Each input is one of:

- a full Hightail URL (`https://spaces.hightail.com/receive/<slug>`)
- a path to any text file — HighGrabber extracts every Hightail link found
  anywhere in it, so forwarded emails, chat exports, and Notes pages all work
- `-` to read from stdin

Slugs are de-duplicated across all inputs in order.

### Options (download)

| flag | default | description |
|---|---|---|
| `-d, --dest PATH` | cwd | where to save files |
| `-c, --concurrency N` | `2` | parallel file downloads.

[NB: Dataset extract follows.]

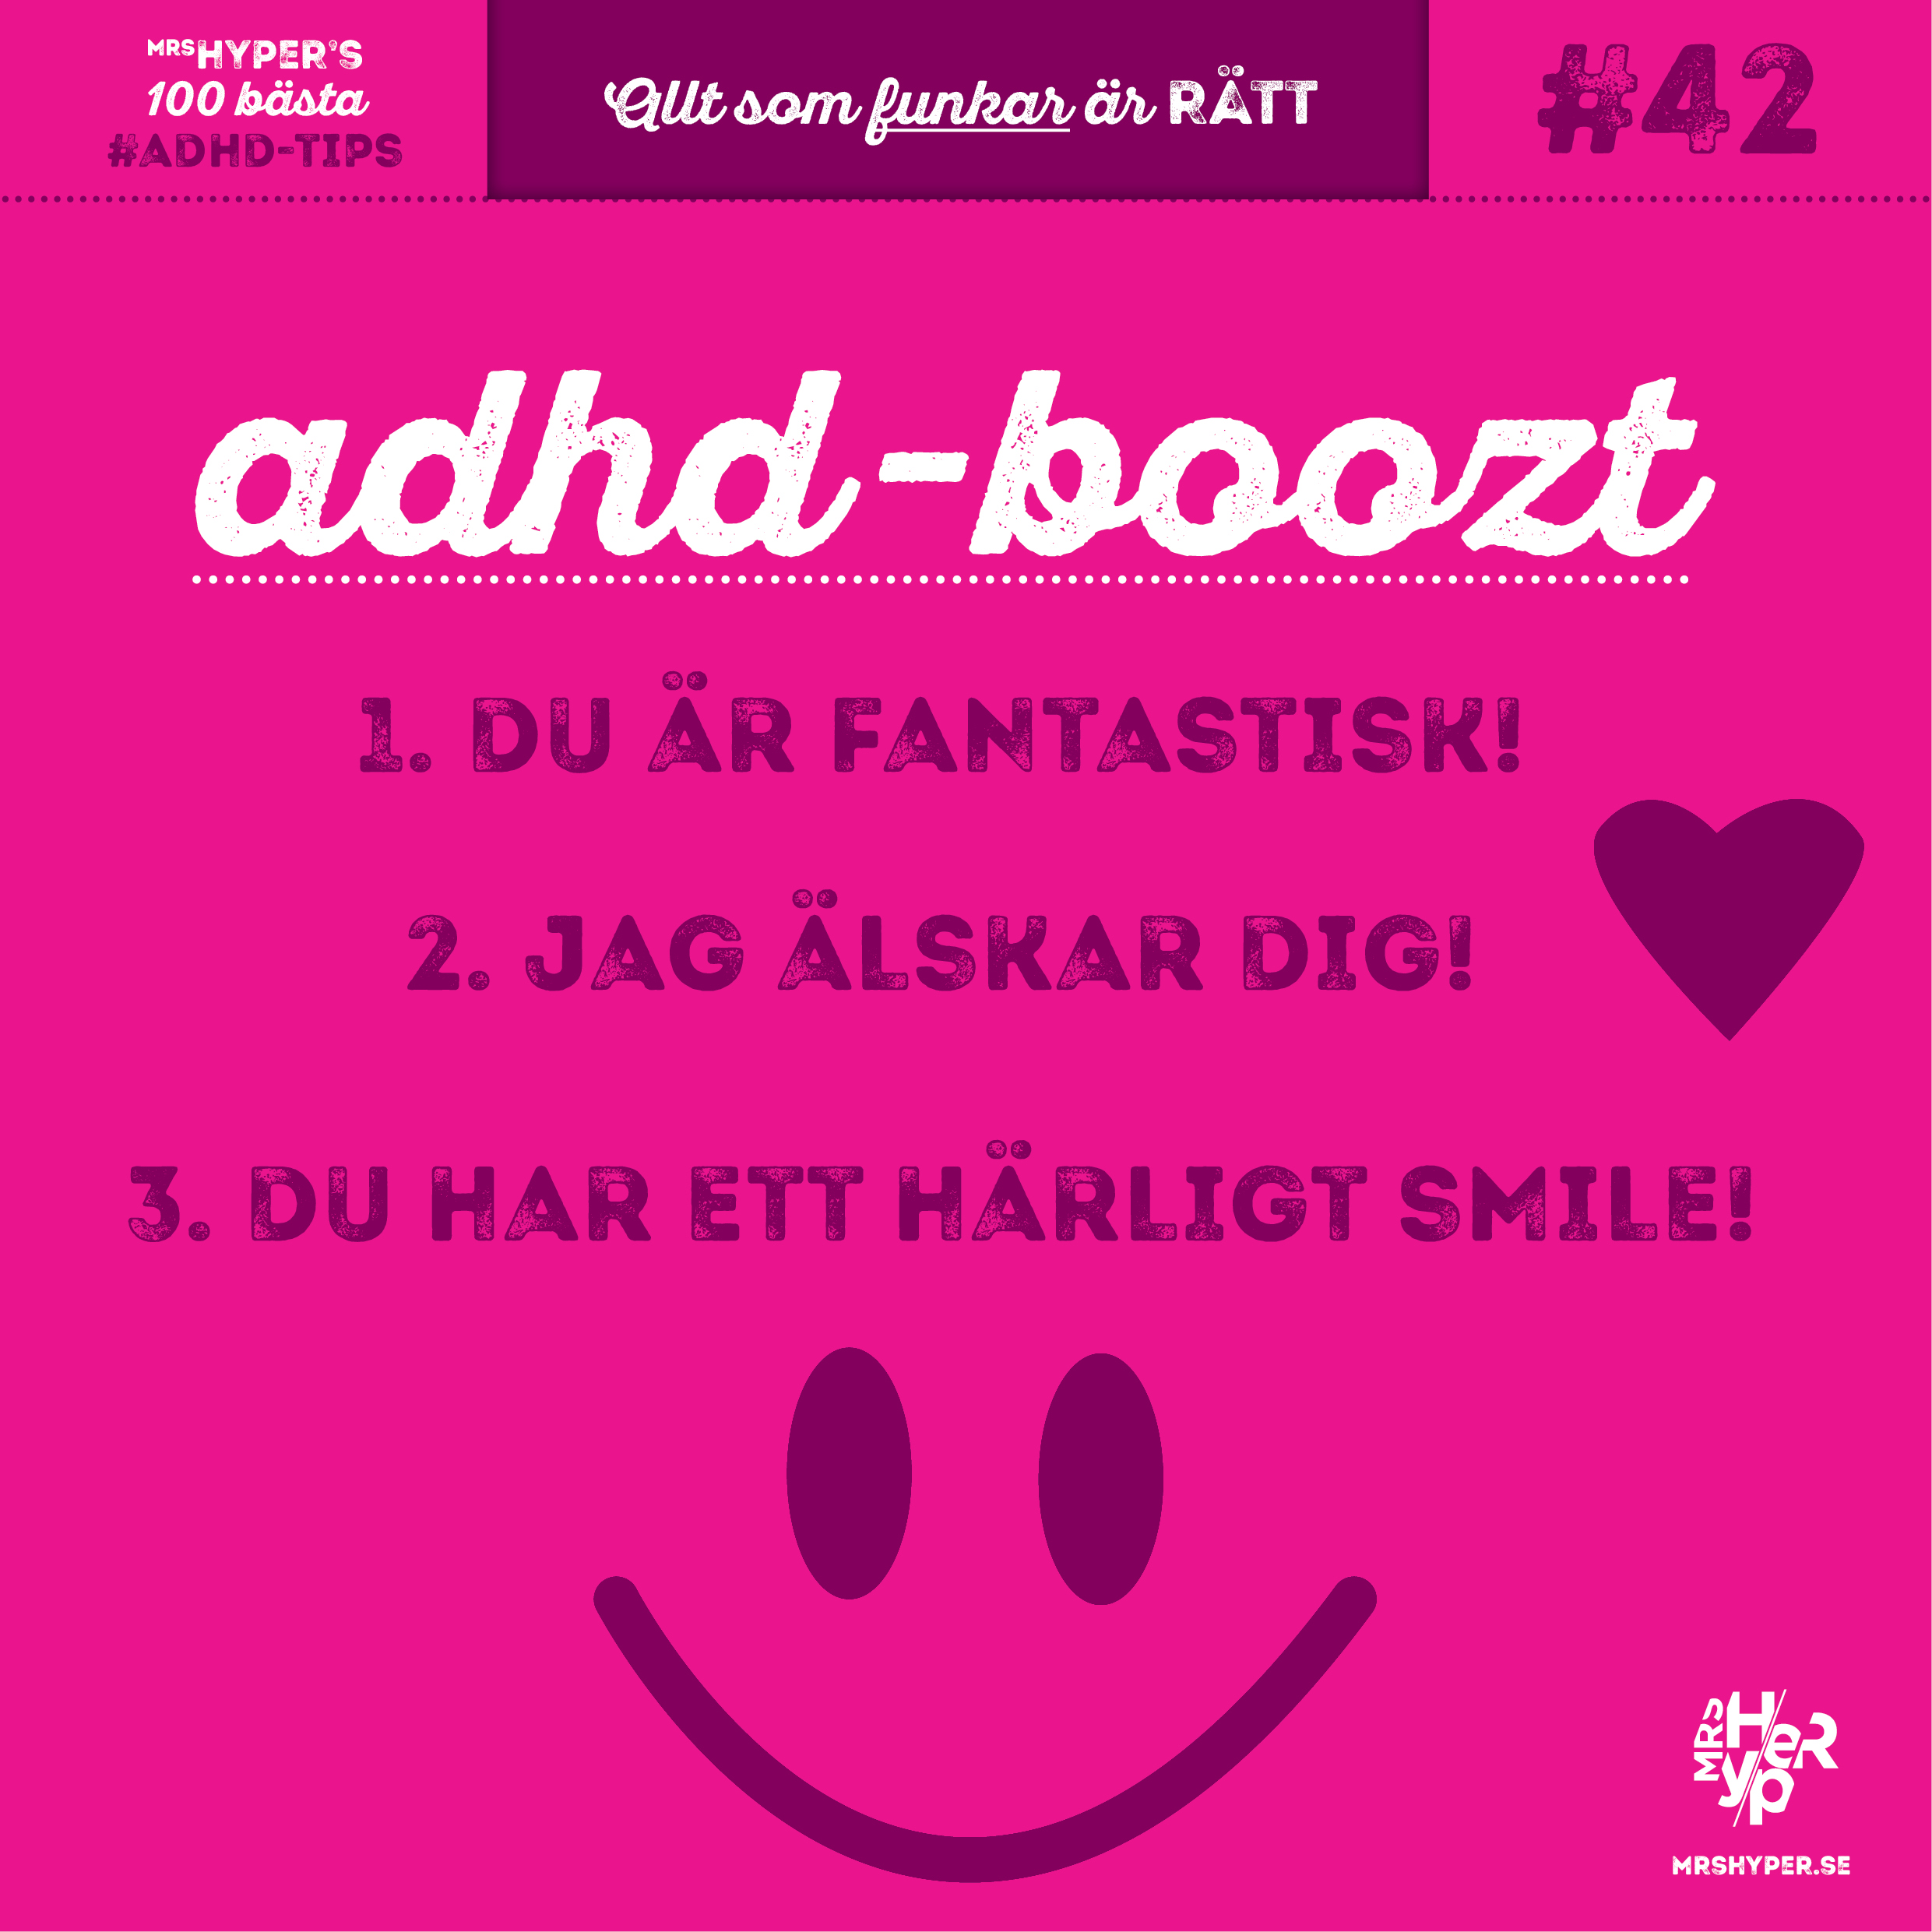 ADHD-tips #42. adhd-boozt 3:1

Higher than 3 is usually rate-limited. |
| `--email EMAIL` | prompt | Hightail email (used for keychain lookup) |
| `--save-password` | off | save password to the system keychain on first login |
| `--no-extract` | off | keep ZIPs intact instead of auto-extracting |
| `--delete-zips-after` | off | delete each ZIP after successful extraction |

### Authentication

By default, HighGrabber uses the system keychain (macOS Keychain, Windows
Credential Manager, or Secret Service on Linux) via the `keyring` package.

- `highgrabber login --email you@example.com --save-password` stores your
  password once. Subsequent logins auto-fill the form; you only touch the
  browser if Hightail shows a CAPTCHA.
- `highgrabber logout` removes the cached session; add `--forget-password`
  to also delete the keychain entry.
- A valid session lasts as long as Hightail's cookie does (usually weeks).
  If it expires mid-run, HighGrabber opens the browser again automatically
  and resumes.

## How it works

HighGrabber hits three internal Hightail endpoints that the Spaces web app
uses:

| endpoint | purpose |
|---|---|
| `GET api.spaces.hightail.com/api/v1/spaces/url/<slug>?status=SEND` | resolve a `receive/` slug to an internal space id |
| `GET api.spaces.hightail.com/api/v1/files/<space_id>/untagged` | list files in that space |
| `GET download.spaces.hightail.com/api/v1/download/<sp>/<fi>/<fv>/<name>` | stream one file (supports `Range` resume) |

Authentication is a `sessionId` cookie on `.hightail.com`. HighGrabber gets
it by letting you log in through a real browser (Playwright-managed
Chromium), then snapshots the cookie jar to disk.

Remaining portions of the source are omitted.